Stealing Image-to-Image Translation Models With a Single Query

2406.00828

Published 6/4/2024 by Nurit Spingarn-Eliezer, Tomer Michaeli

Stealing Image-to-Image Translation Models With a Single Query

Abstract

Training deep neural networks requires significant computational resources and large datasets that are often confidential or expensive to collect. As a result, owners tend to protect their models by allowing access only via an API. Many works demonstrated the possibility of stealing such protected models by repeatedly querying the API. However, to date, research has predominantly focused on stealing classification models, for which a very large number of queries has been found necessary. In this paper, we study the possibility of stealing image-to-image models. Surprisingly, we find that many such models can be stolen with as little as a single, small-sized, query image using simple distillation. We study this phenomenon on a wide variety of model architectures, datasets, and tasks, including denoising, deblurring, deraining, super-resolution, and biological image-to-image translation. Remarkably, we find that the vulnerability to stealing attacks is shared by CNNs and by models with attention mechanisms, and that stealing is commonly possible even without knowing the architecture of the target model.

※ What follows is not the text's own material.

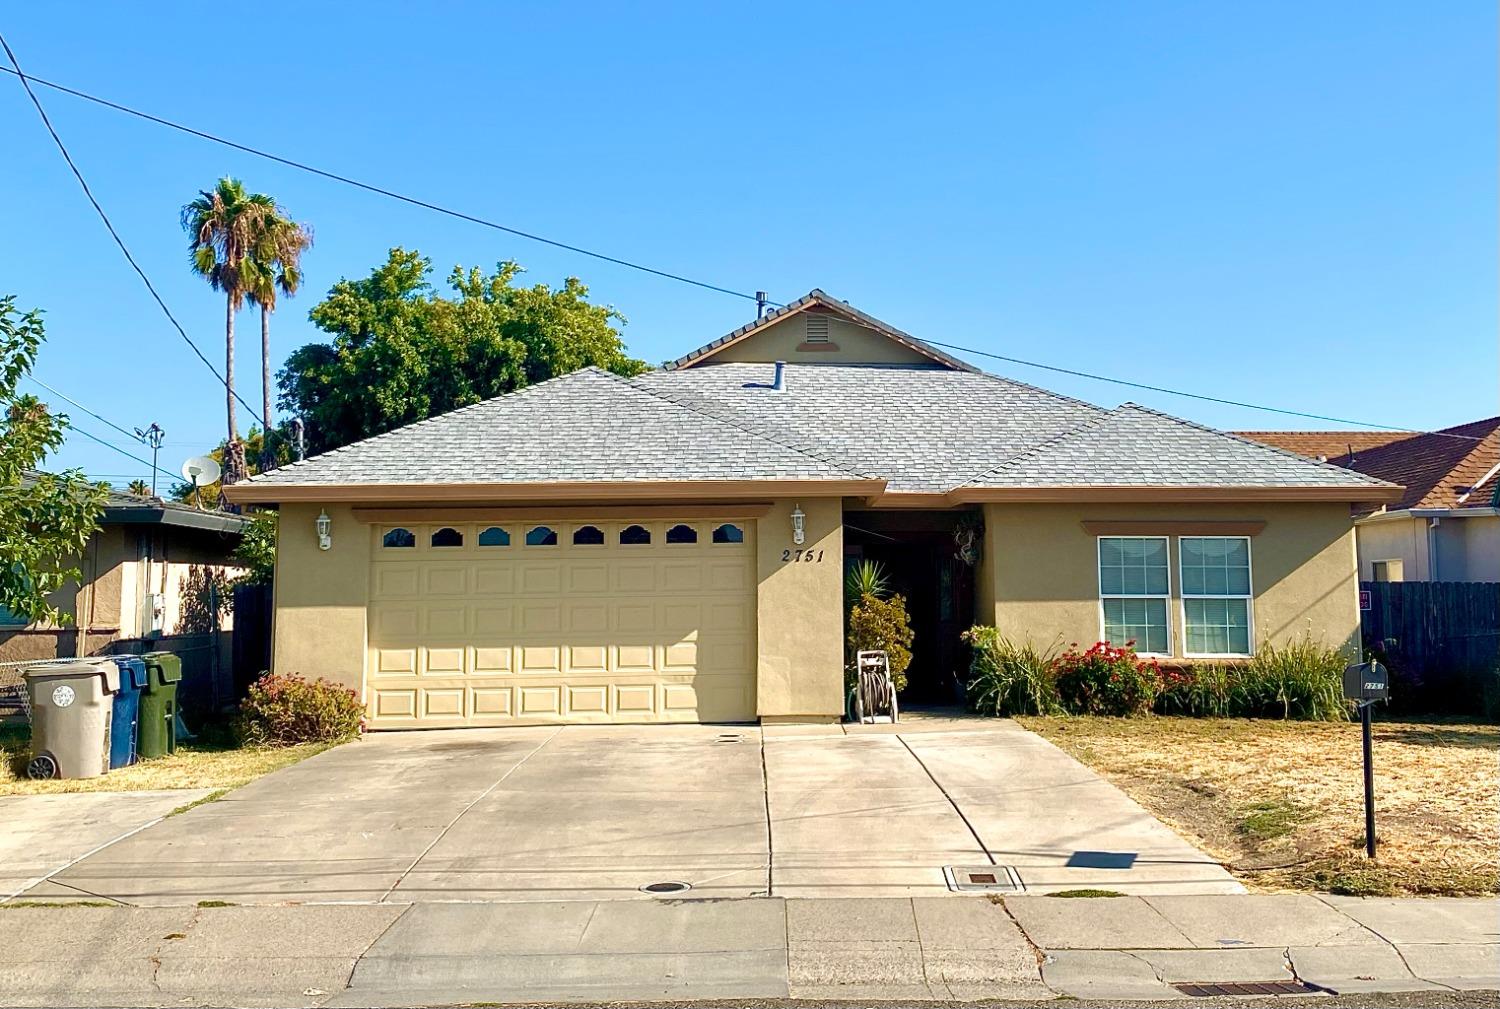 Photo of 2751 Wah Ave in Sacramento, CA

Create account to get full access

Overview

• This paper explores a novel attack called "Stealing Image-to-Image Translation Models With a Single Query" that can extract the underlying model of an image-to-image translation service with just a single query.

• The attack leverages the inherent structure and weaknesses of image-to-image translation models to effectively "steal" the model by observing its behavior on a single input.

• This research builds on previous work on model inversion attacks and dataset stealing attacks, demonstrating the vulnerability of these types of AI systems.

Plain English Explanation

Image-to-image translation models are a type of artificial intelligence that can transform one image into another, like turning a sketch into a photo-realistic painting. These models are often used in creative applications and are valuable intellectual property.

The researchers behind this paper discovered a way to effectively "steal" the inner workings of an image-to-image translation model by just sending it a single image and observing how it responds. This allows a bad actor to replicate the model without the owner's permission.

The key insight is that these translation models have an inherent structure that leaks information about their inner workings, even when only a single input is provided. The researchers found ways to exploit this weakness to extract the model's parameters and architecture.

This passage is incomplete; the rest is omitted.